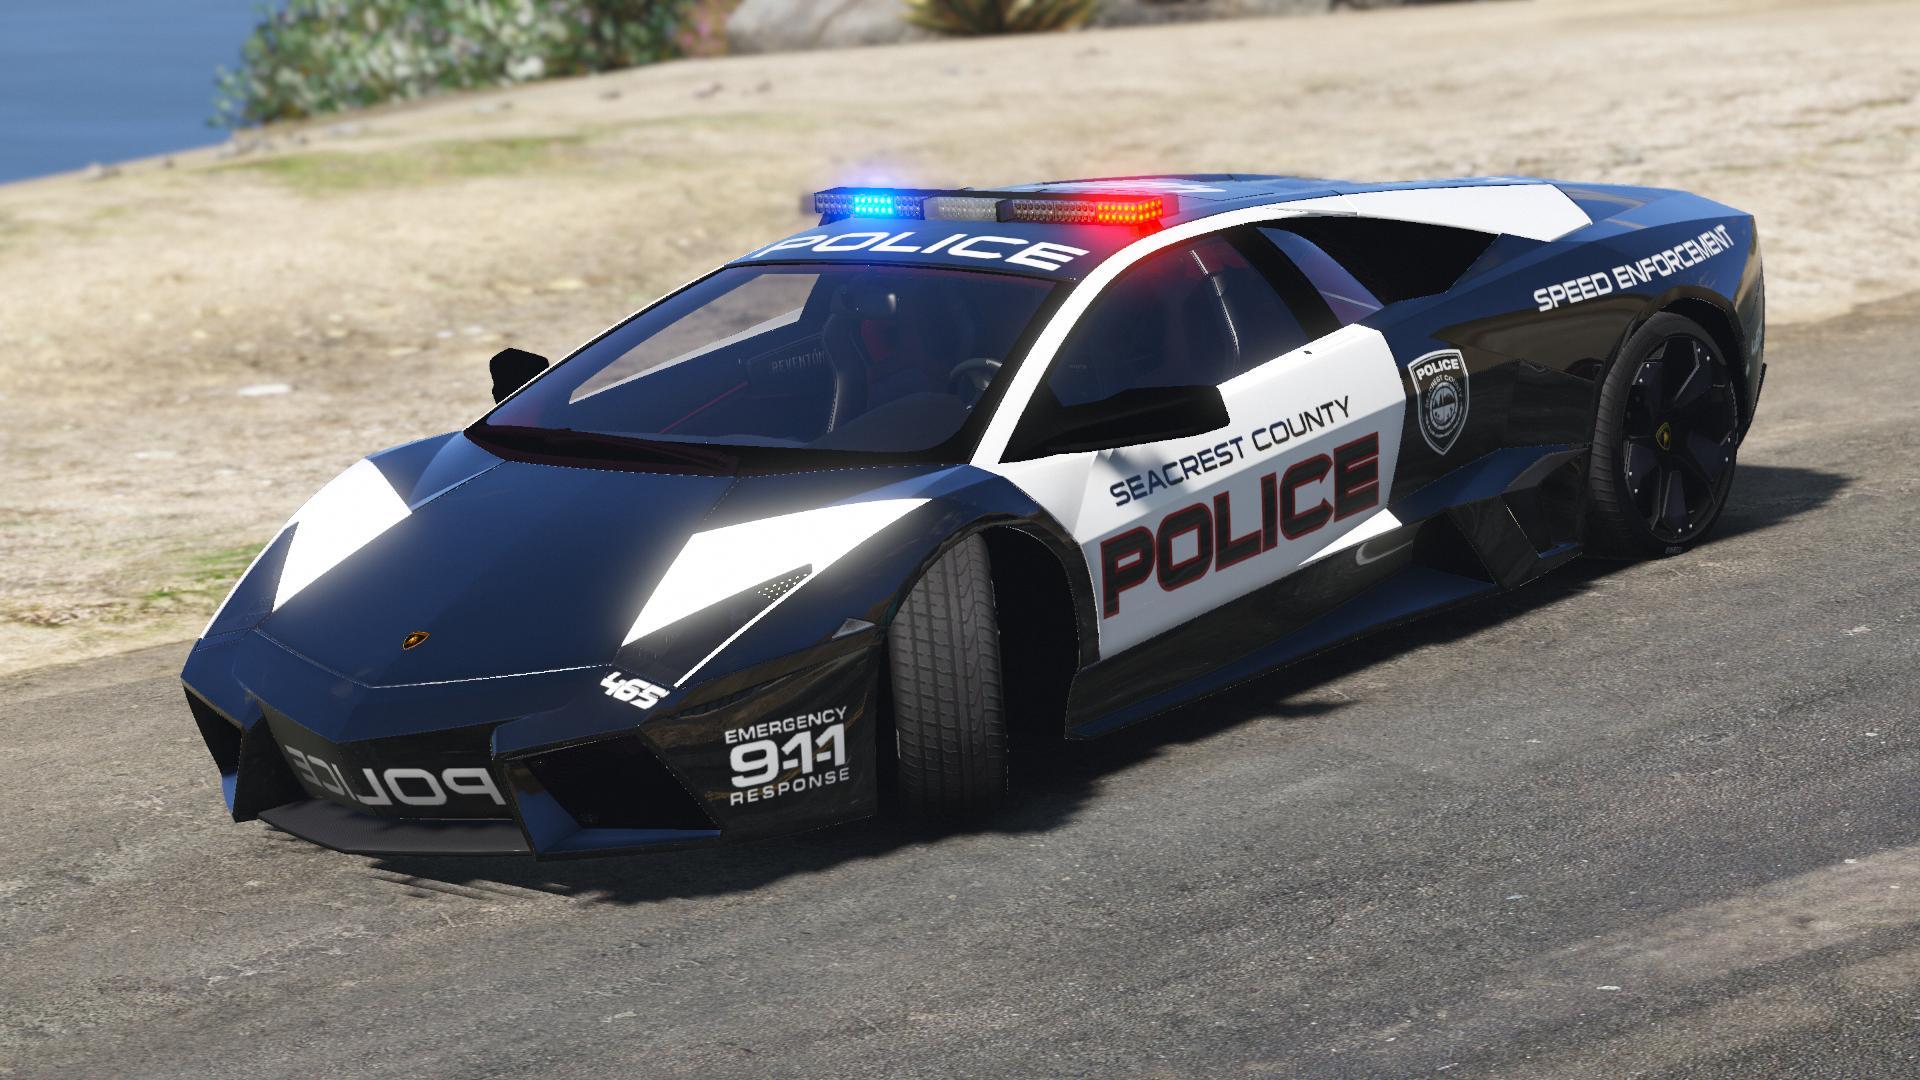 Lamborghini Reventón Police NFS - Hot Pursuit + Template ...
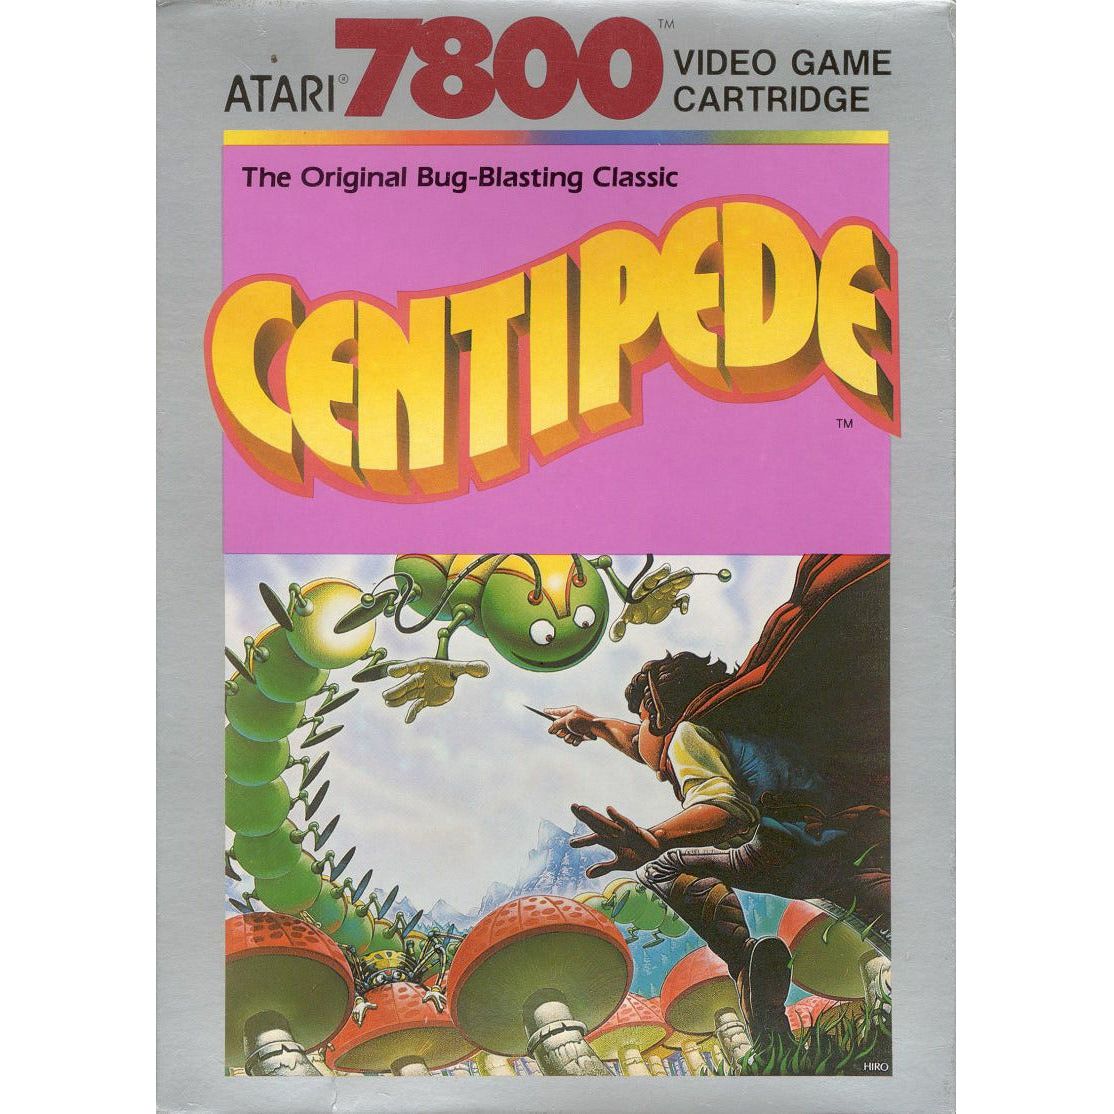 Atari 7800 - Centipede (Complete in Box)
==
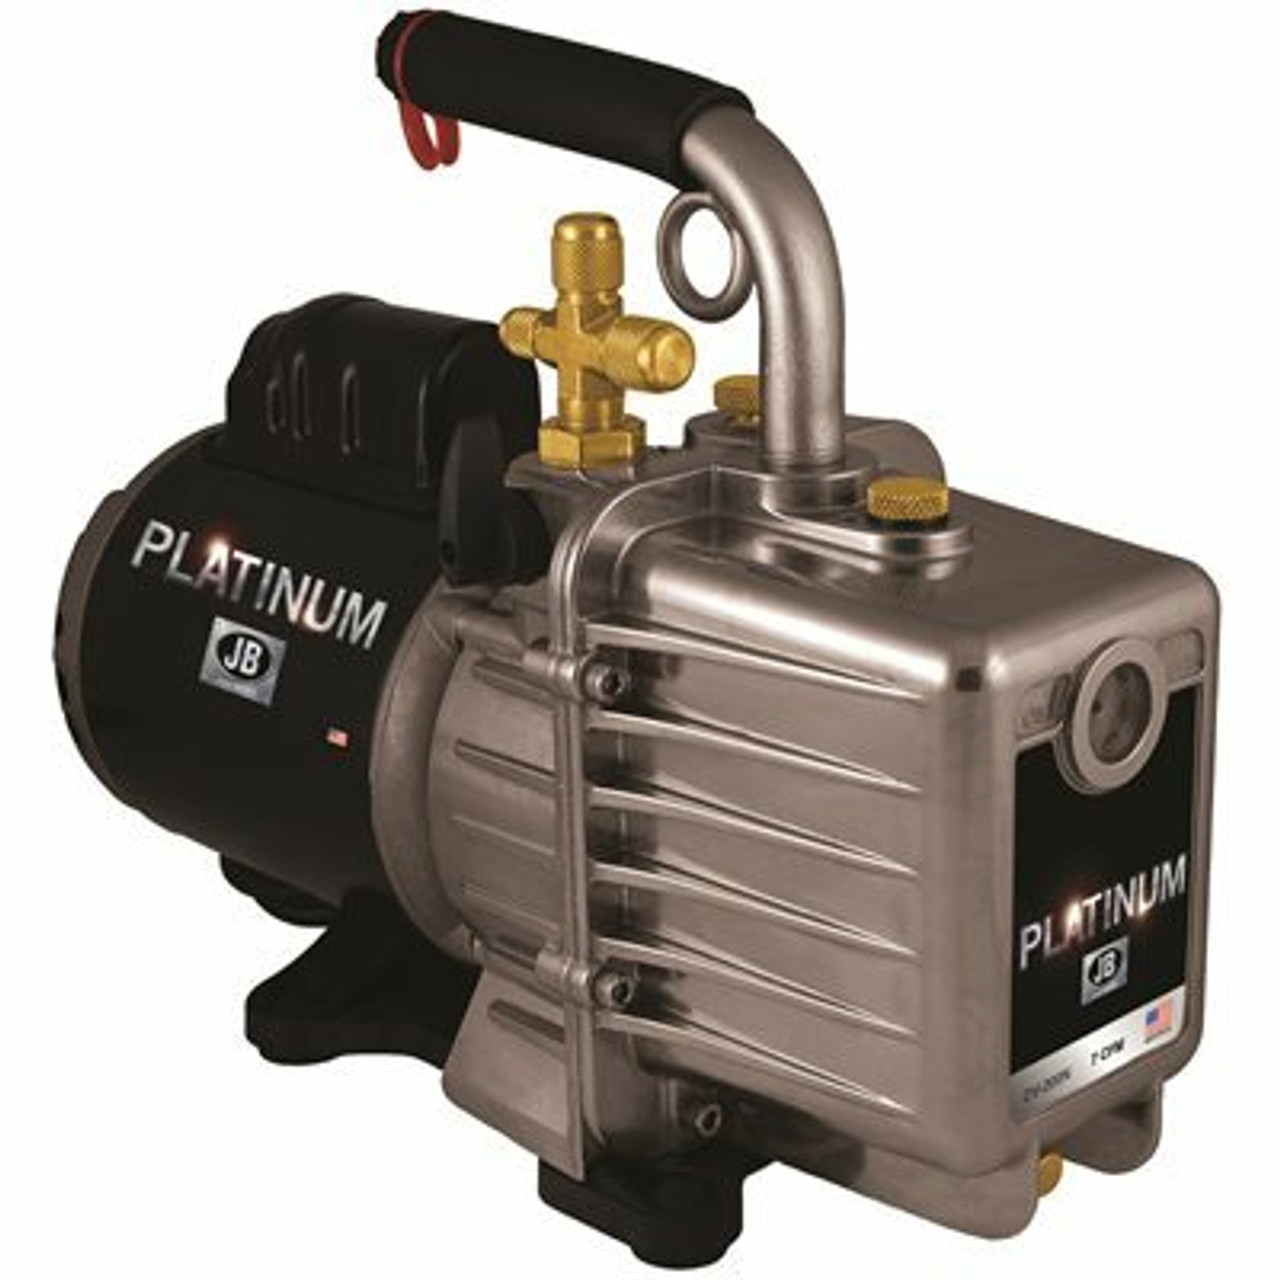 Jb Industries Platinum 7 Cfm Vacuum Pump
--
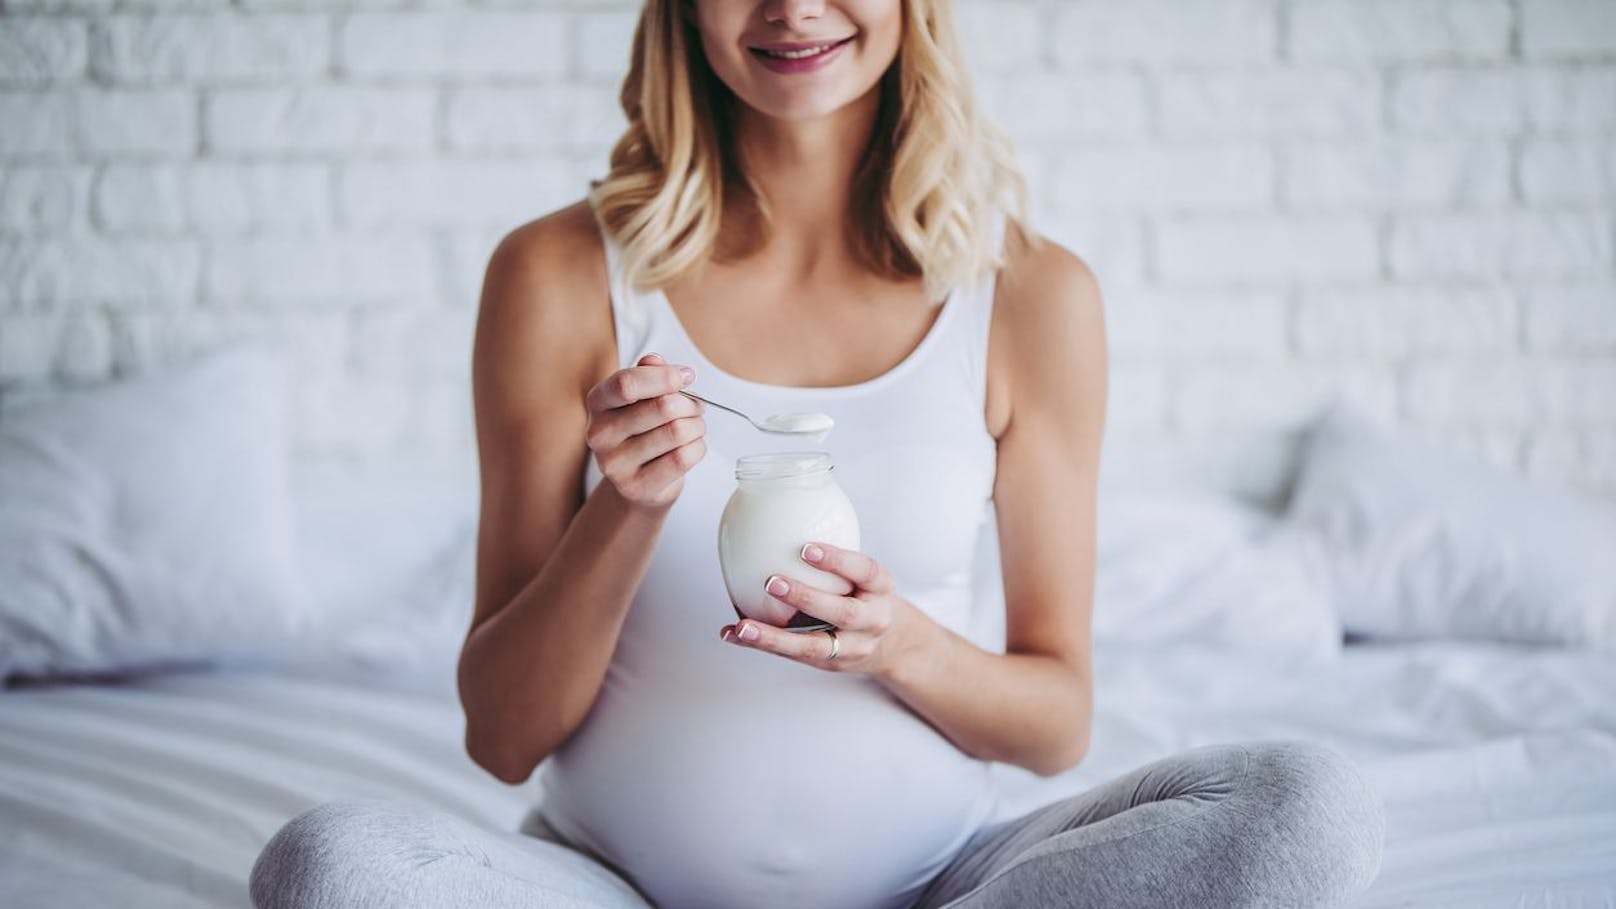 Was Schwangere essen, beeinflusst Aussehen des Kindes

● **WORK ORDER**
Above are some entries. Restate word for word the lines from the one holding "Lamborghini Reventón Police" through the one holding "Atari 7800 - Centipede (Complete in Box)", but not the pictures.

● **THE COMPLETED TASK**
 Lamborghini Reventón Police NFS - Hot Pursuit + Template ...
 Atari 7800 - Centipede (Complete in Box)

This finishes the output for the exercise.